Feminism demonstrates, without any possibility of doubt, that the social sciences are sexist, biased, and rotten with patriarchal values. However, feminist social science can be truly scientific in its approach. Having eradicated sexism, we can see and research the world as it truly is. Feminism encapsulates a distinctive value position, but these are truly human values, not just those of a ‘women’s perspective’. And so these values should be those of all people.
Our response to this view is ‘well, perhaps’. We feel that such criticisms of the social sciences are justified—as far as they go. But we also argue that the basic assumptions about social reality which are present within sexist social science are also present within most feminist social science. These criticisms, we say, are not far-reaching enough, not radical enough, not feminist enough.

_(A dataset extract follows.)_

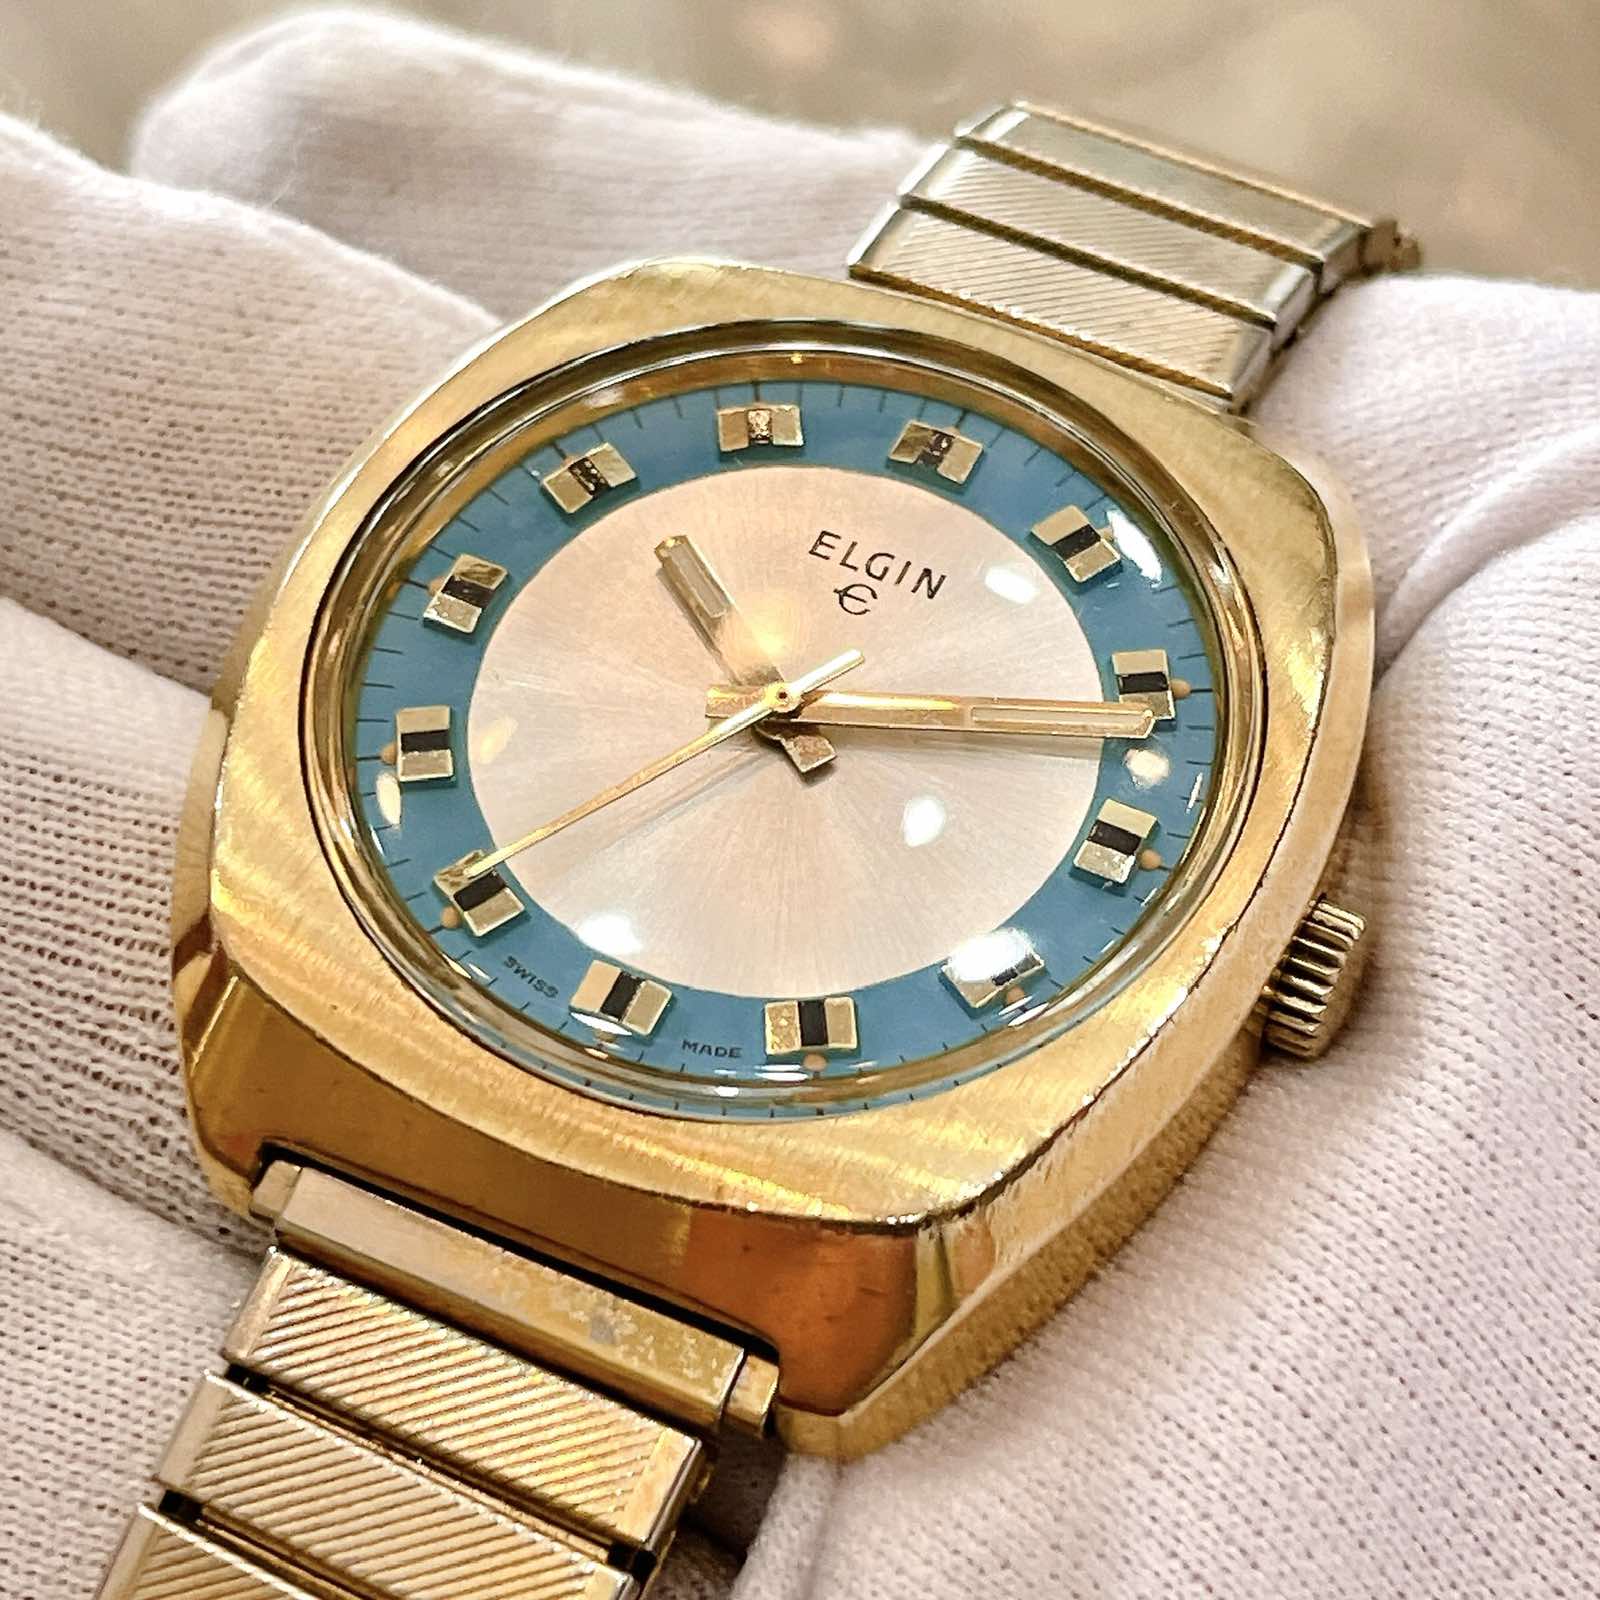 Đồng hồ cổ ELGIN lên dây lacke vàng 18k chính hãng Thụy Sỹ

A necessary starting point in examining some of these ideas is what has been called the ‘female critique’ of the social sciences. Work produced within this critique has been pioneering in what it has said and what it has attempted to do. And because it has been pioneering in this way we, and all other feminist researchers and scholars, are deeply indebted to it. But although we see this work as a necessary starting point, we don’t think it should be treated as tablets of stone brought down from the feminist mountain top. We pick out various pieces of work as ‘standing for’ certain ideas we want to explore within this critique. In doing so we’ve not attempted to examine whole bodies of work but particular themes and ideas which seem important and interesting.

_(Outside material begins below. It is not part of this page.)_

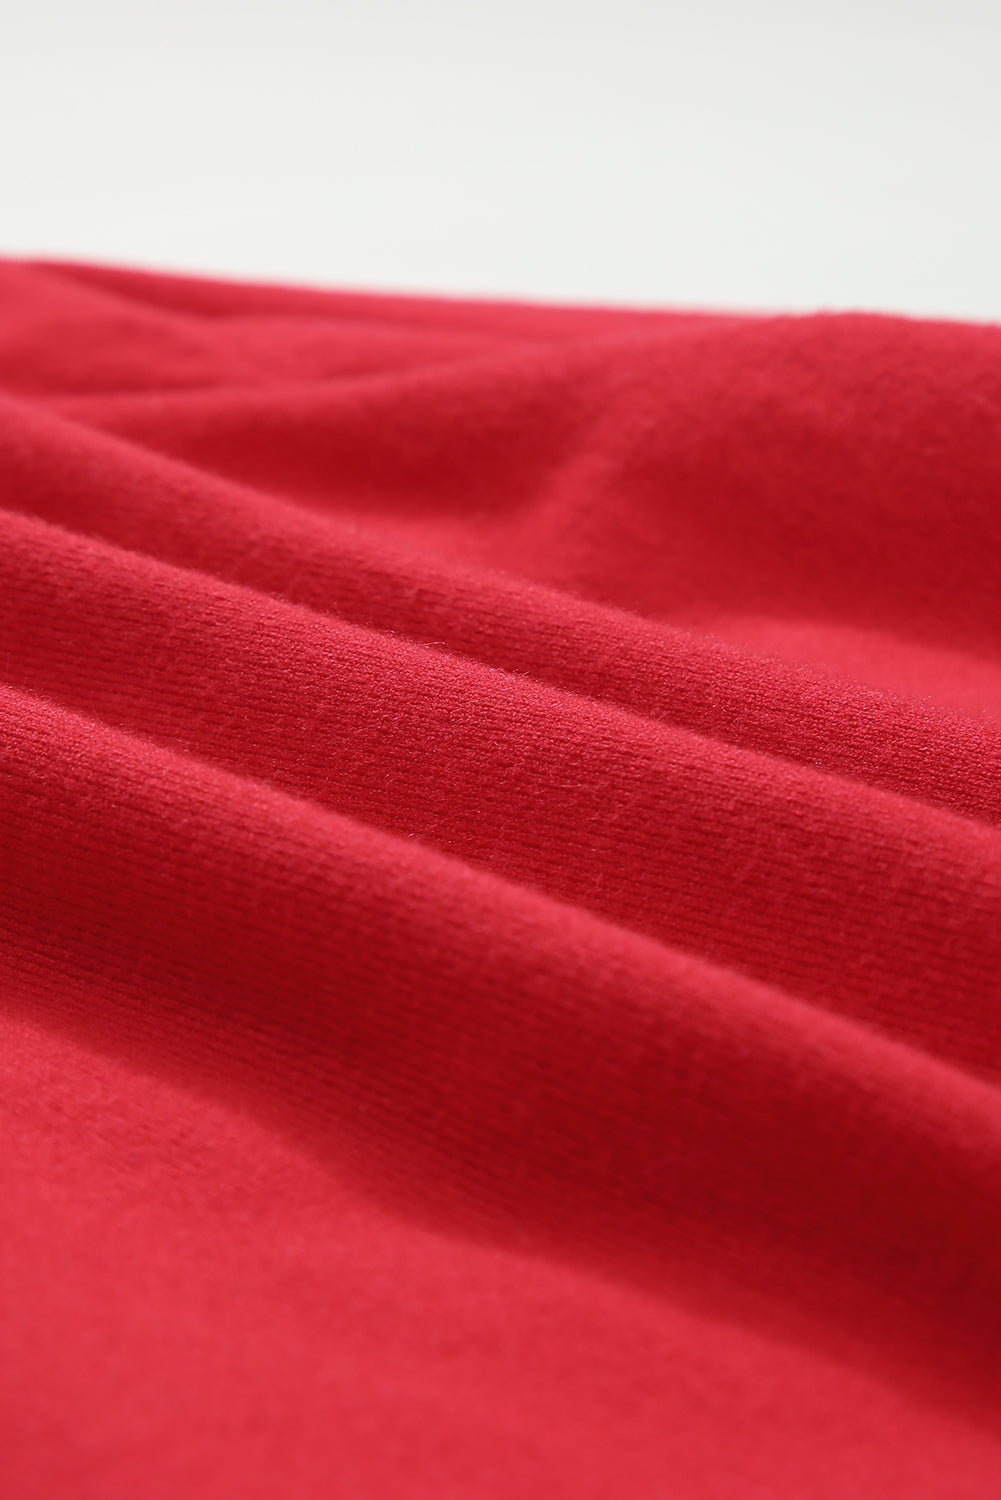 Maglione con finiture a contrasto grafico allegro e luminoso in tinsel rosso fuoco

KEY THEMES IN THE FEMINIST CRITIQUE

‘The female critique’


The most simple and in many ways the most powerful criticism made of theory and practice within the social sciences is that, by and large, they omit or distort the experience of women. Perhaps the most fully developed of such criticisms is made in relation to sociology by Ann Oakley (1974), who argues that sociology is sexist because it is solely concerned with the activities and interests of men. The subject-areas sociology is concerned with are artificial constructs which distort human experience. One consequence of this is that women’s ‘social presence’ within these areas of life is high although their ‘sociological visibility’ is low. In other words, although women are frequently massively present within whatever is studied, we but rarely appear in the end products of this. This may be because women are simply not ‘seen’ by researchers, are ignored by them or else our experiences are distorted by them. Oakley goes on to examine some possible explanations for sexism in sociology. She argues that there are three main explanations. The first of these lies in the origins of sociology, more specifically in the sexist interests and personalities of its ‘founding fathers’. Second, it is a ‘male profession’, because a preponderance of the people within it are men; it is therefore bound to reflect their interests and views of reality. Oakley feels that the third, and the main, reason for sexism within sociology concerns the ‘ideology of gender’ which leads people to construe the world in sexually stereotyped ways. Such a world view not only focuses attention on some areas of social reality (those which concern men), it also focuses attention away from others (those which concern women). She hits the nail right on the head when she says that ‘a way of seeing is a way of not seeing’ (Oakley, 1974, p. 27).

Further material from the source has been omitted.